- Extracted records -
........

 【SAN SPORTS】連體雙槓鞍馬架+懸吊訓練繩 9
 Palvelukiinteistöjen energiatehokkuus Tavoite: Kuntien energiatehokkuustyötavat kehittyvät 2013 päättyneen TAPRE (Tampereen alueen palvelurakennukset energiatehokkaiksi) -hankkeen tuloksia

........

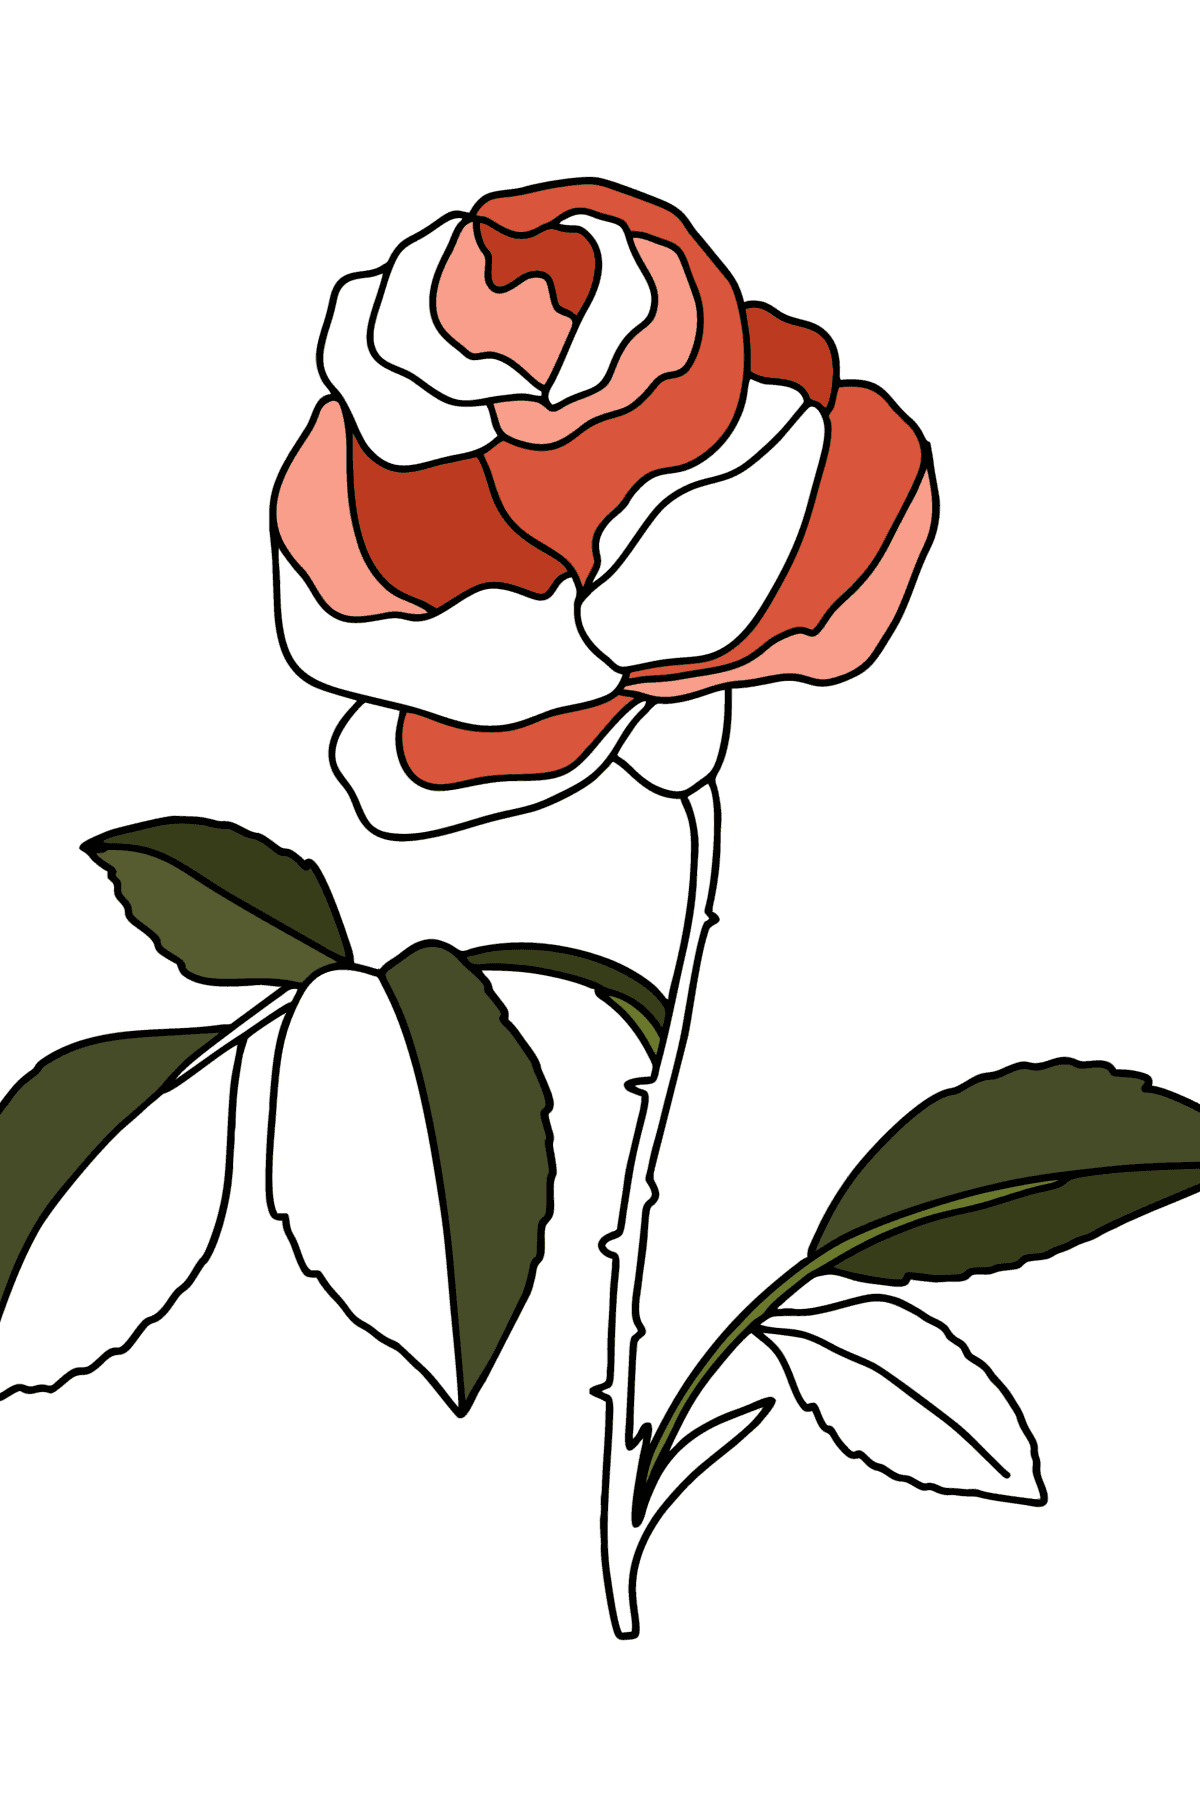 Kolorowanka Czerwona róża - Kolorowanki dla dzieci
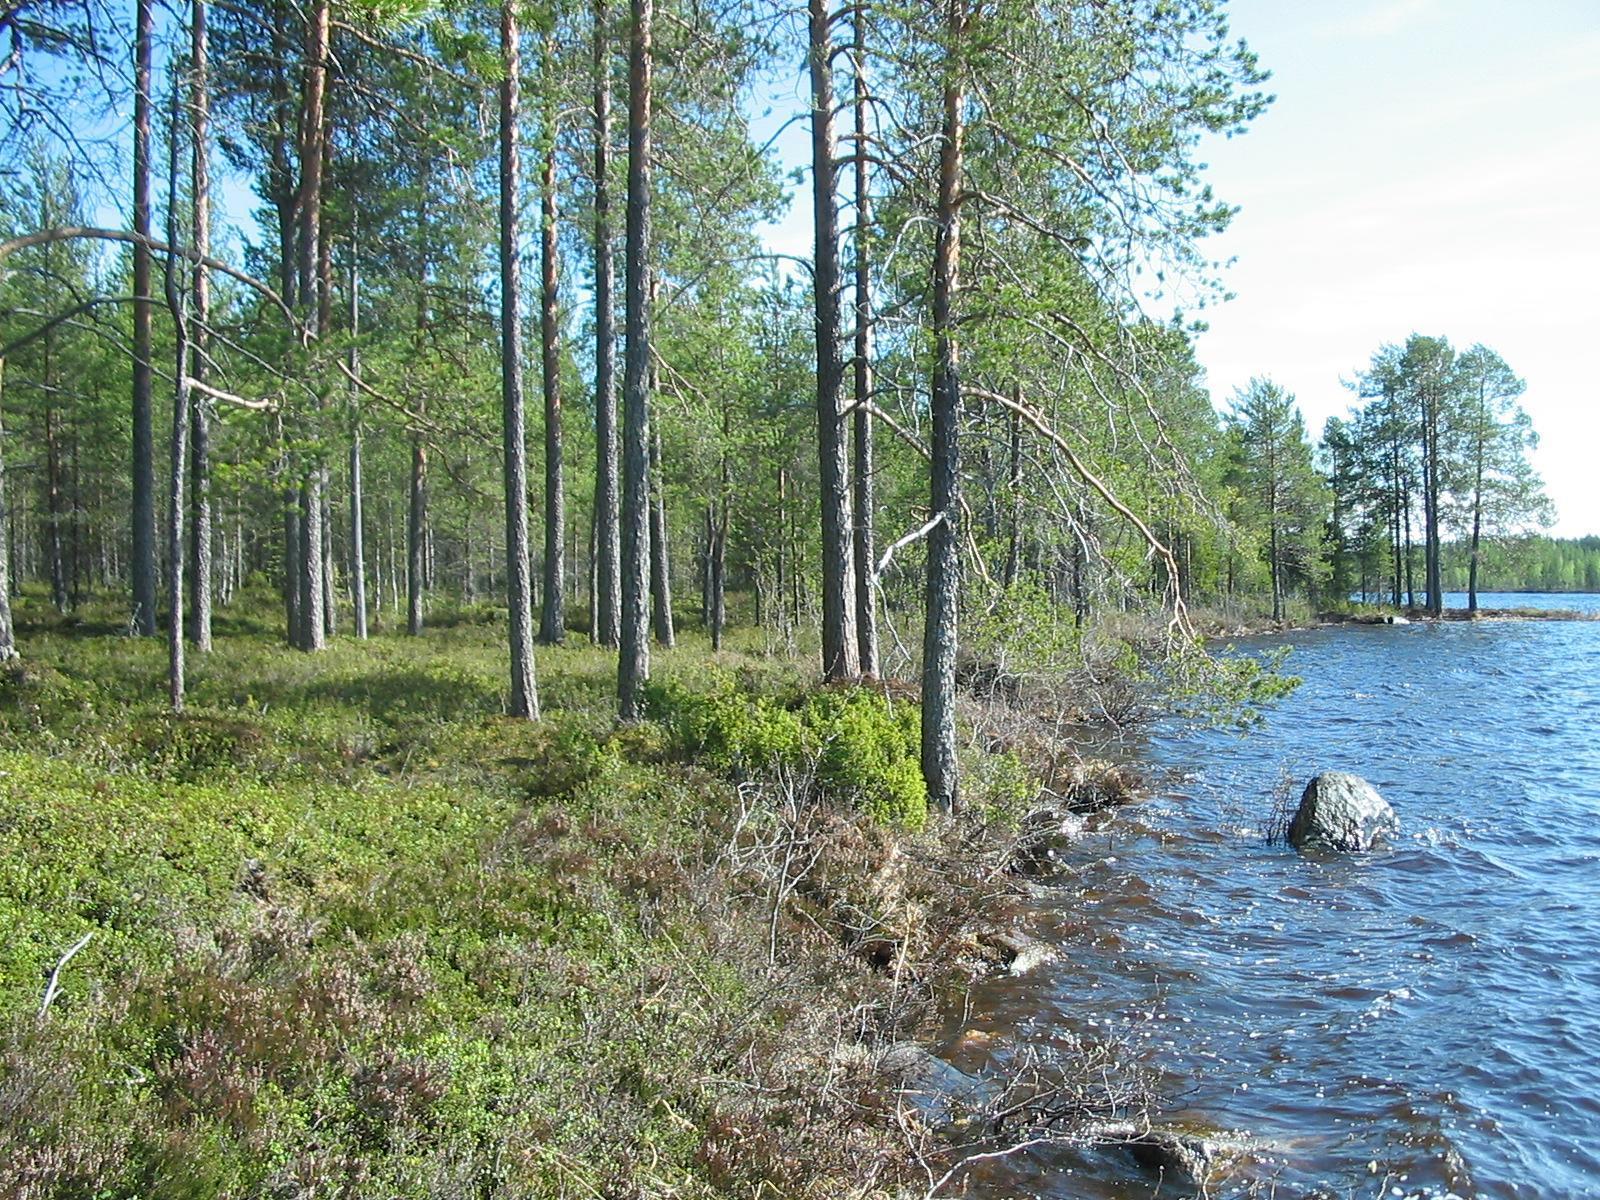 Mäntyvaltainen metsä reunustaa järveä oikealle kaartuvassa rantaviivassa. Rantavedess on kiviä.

........

- How to complete this task -
All that is wanted is the lines above between the one containing "Kolorowanka Czerwona róża" and the one containing "Mäntyvaltainen metsä reunustaa", inclusive, restated word for word, with pictures omitted.

- Solution for this exercise -
 Kolorowanka Czerwona róża - Kolorowanki dla dzieci
 Mäntyvaltainen metsä reunustaa järveä oikealle kaartuvassa rantaviivassa. Rantavedess on kiviä.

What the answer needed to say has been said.